Thomas Enhco, born in Paris, France in September 1988, is a French pianist and composer (jazz and classical music). He started playing the violin and the piano at the age of 3, gave his first concerts and wrote his first compositions at 6. At the age of 9, Didier Lockwood invited him to perform on stage with him at the jazz festivals of Antibes Juan-les-Pins, Vienne and Marciac. He studied jazz at CMDL and classical piano with the great master Gisèle Magnan. At 16, he entered the Paris Conservatory (CNSMDP), from which he was expelled two years later. Since then, he has released 8 albums as a leader and has been playing an average of 100 concerts per year around the world, both in classical and jazz venues and festivals.

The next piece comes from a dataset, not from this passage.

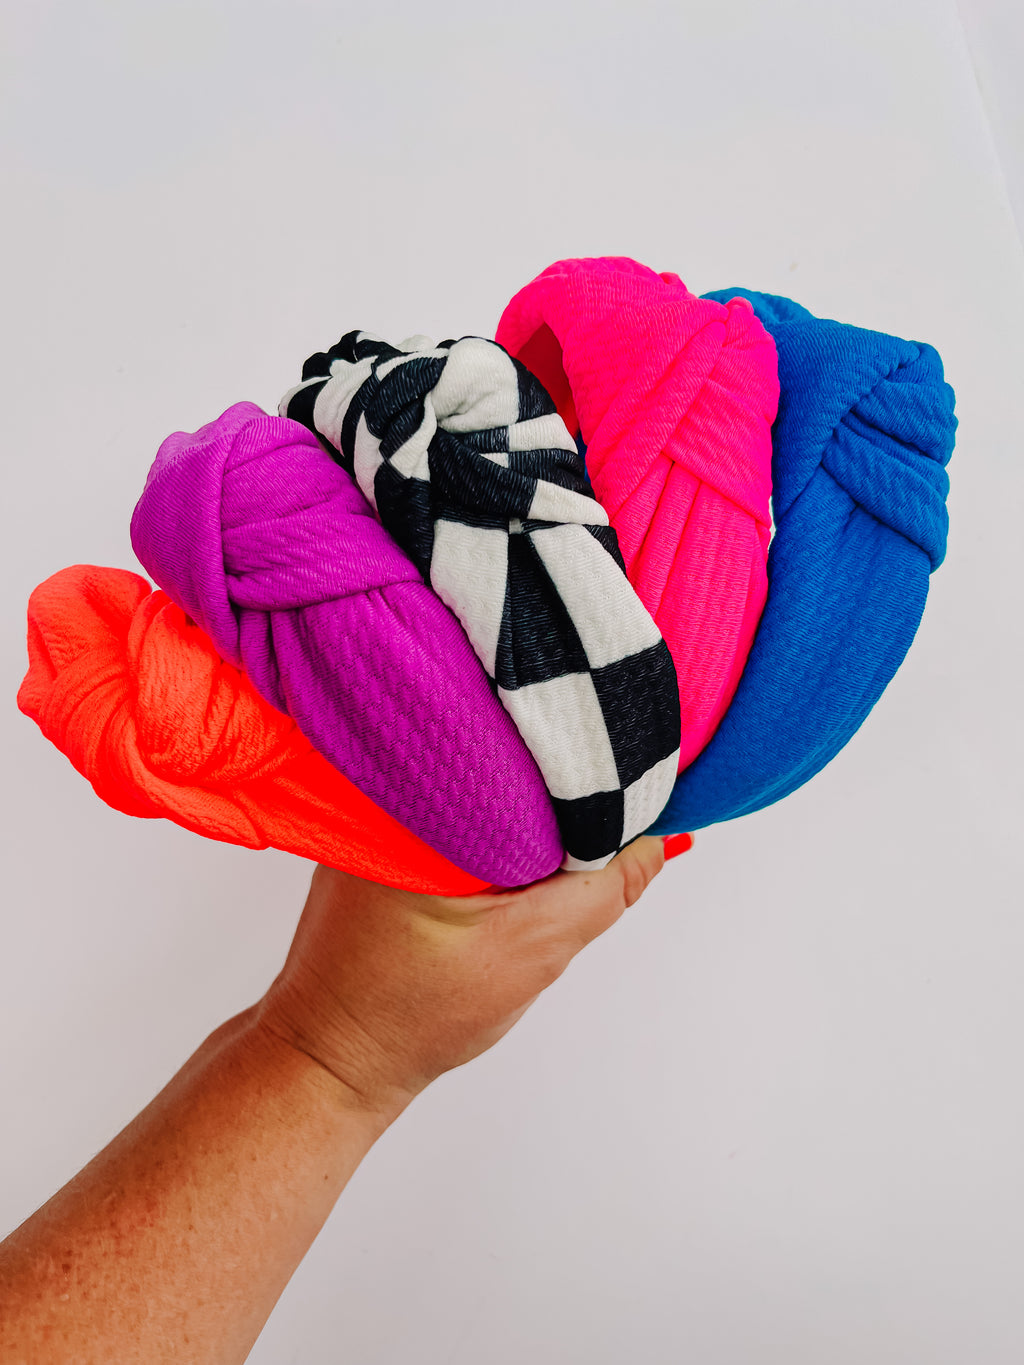 Neon Checkered Knotted Headbands for Girls & Women

His first album Esquisse, written and recorded at the age of 15 with his trio (and featuring drums-legend Peter Erskine) came out in 2006, whereupon he became the Laureate of Fonds d'Action SACEM. In 2008 Enhco was spotted by the great Japanese producer Itoh "88" Yasohachi, who asked him to record three albums (Someday My Prince Will Come, The Window and the Rain in Japan and Jack and John with Jack Dejohnette and John Patitucci at Avatar Studios in New York) and invited him for ten tours in Japan, in solo, duo and trio. In 2012, Enhco moved to New York where he played in jazz clubs and collaborated with many artists. That same year he released his self-produced album Fireflies on Label Bleu (winner of Victoires du Jazz 2013).In 2014 he signed with Universal Music and recorded his solo piano album Feathers for label Verve, which was nominated for Best Album at Victoires du Jazz 2015.